MDM (Mobile Device Management) and Apple Lockdown Mode need to be seriously reassessed—not as a "nice to have" but as essential defenses for personnel with access to sensitive information.
Recommendations
Immediate (0-24h)
Update iOS to version 18.7.6 or iOS 26.3.1 for all devices in the organization—no alternative workaround
Block IOC domains on DNS resolver and proxy:
escofiringbijou[.]com
motorbeylimited[.]com
bridetvstreaming[.]org
Scan the email gateway for spoofed emails from the Atlantic Council or similar international organizations over the past two weeks.
Issue an internal alert to senior personnel and those with access to sensitive information about this phishing campaign.
Short-term (1-7 day)
Review MDM compliance: Establish a minimum iOS version policy, force updates for non-compliant devices
Threat hunting in email logs: Look for email patterns with links (instead of attachments) from external senders impersonating international organizations
Audit VirusTotal/sandbox for DarkSword loader hash:
MD5: 5fa967dbef026679212f1a6ffa68d575
- Review web proxy logs for connections to the IOC domains listed above.
Long-term
Deploy Apple Lockdown Mode for high-risk personnel (C-level, IT admin, staff with access to sensitive data). Lockdown Mode significantly reduces the attack surface by disabling JIT compilation in Safari—exactly the vector exploited by DarkSword.

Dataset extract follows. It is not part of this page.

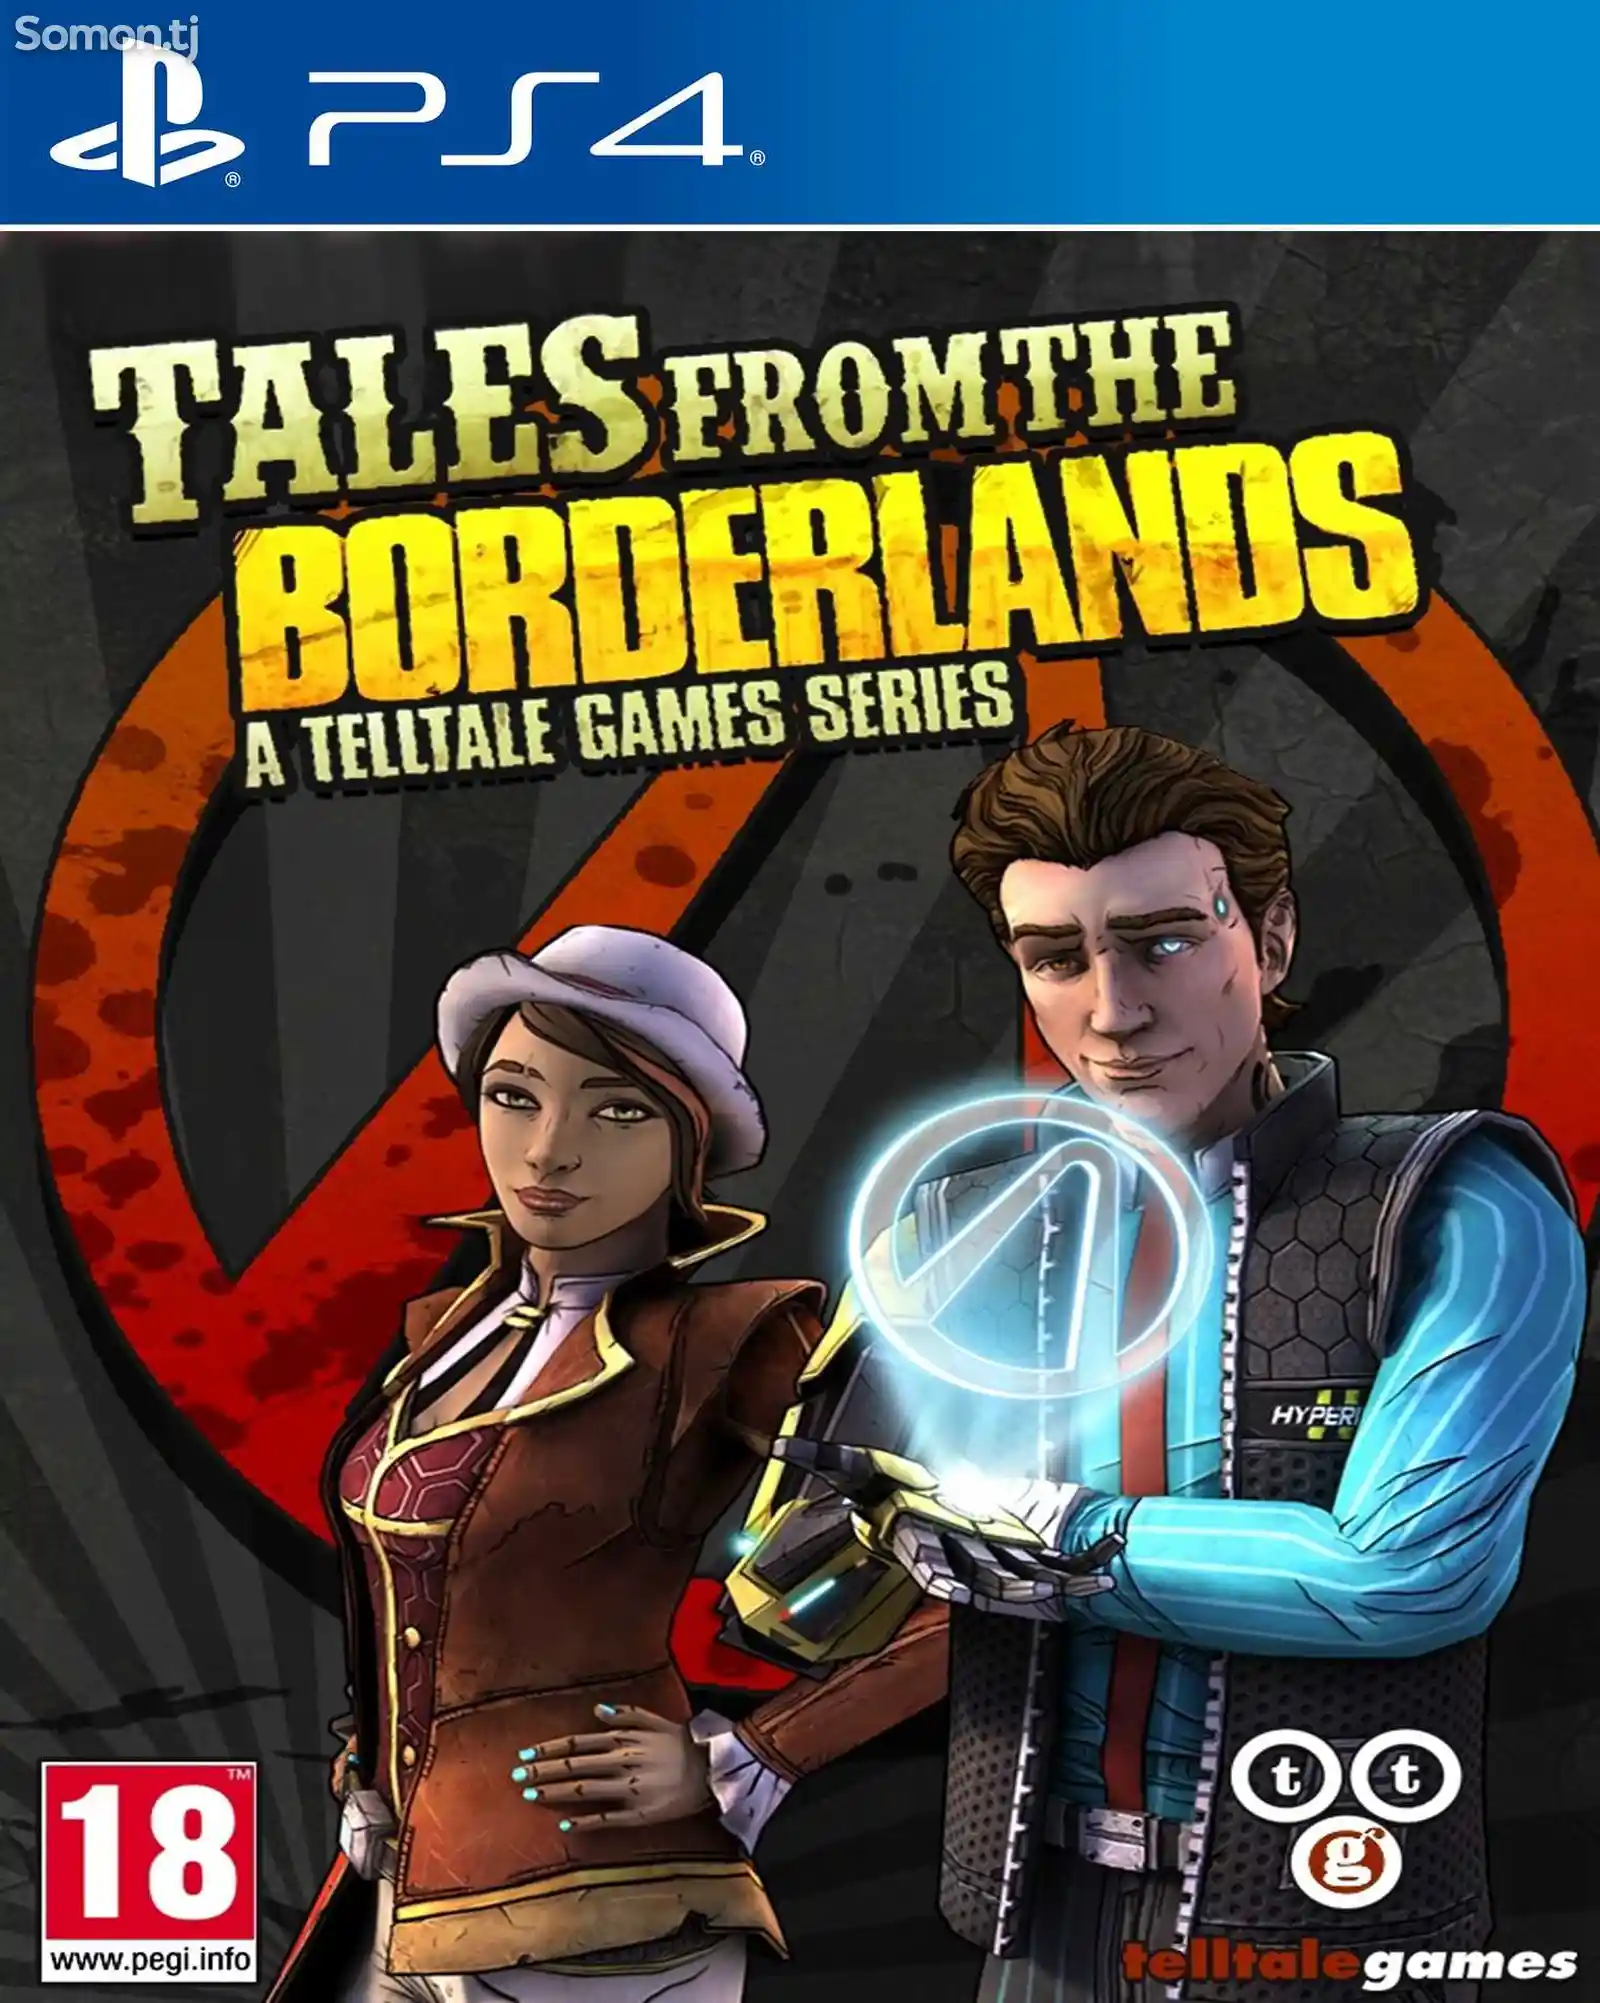 Игра New tales from the borderlands для PS-4 / 5.05 / 6.72 / 7.02 / 9.00 /-1
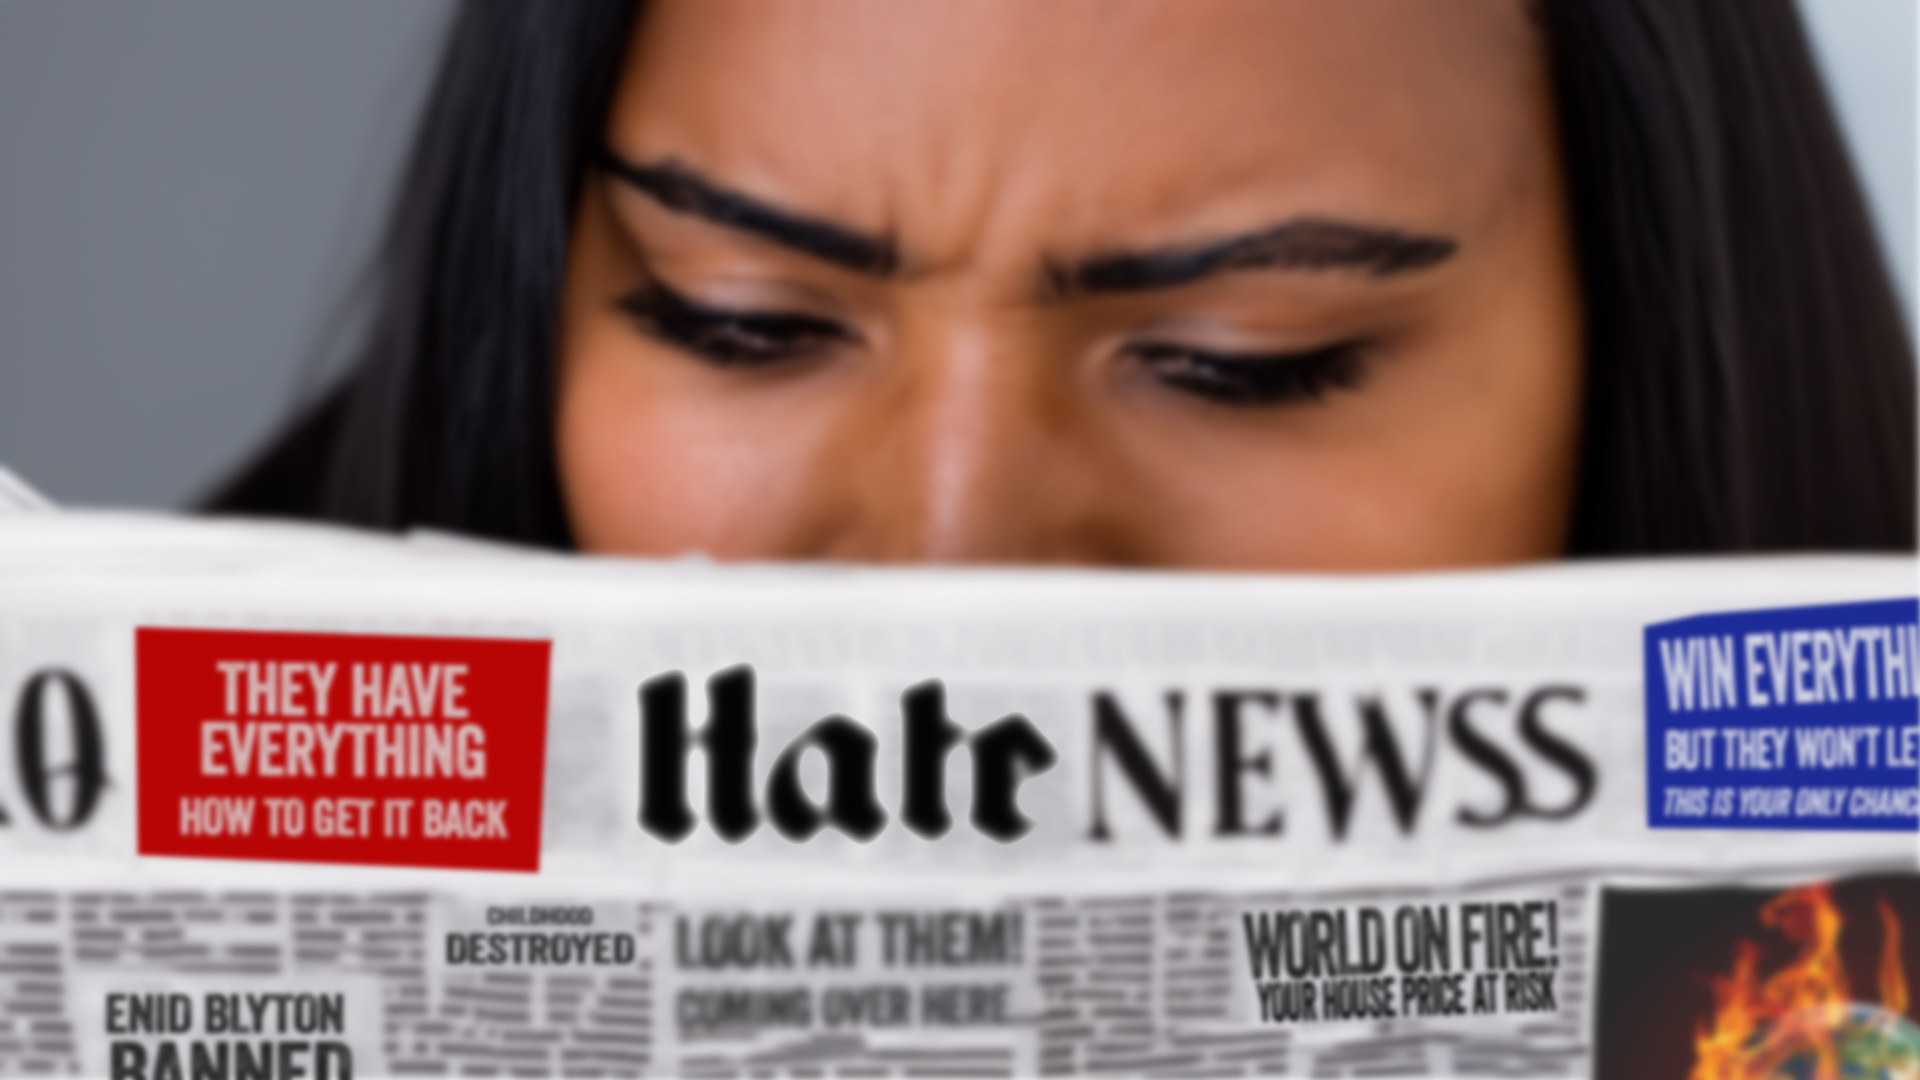 Holding up a copy of Hate News, a frowning reader feels the weight of the world on her shoulders

Evaluate MTD (Mobile Threat Defense) solutions like iVerify, Lookout, or Zimperium. These solutions can detect exploit chain behavior that traditional MDM does not cover.
Develop a playbook for mobile exploit incidents—most organizations have playbooks for endpoints (Windows/macOS) but lack procedures for iOS compromises.
Internal communication: Update awareness that "iPhone is more secure" is only true when devices are promptly updated. DarkSword operates fully on unpatched devices.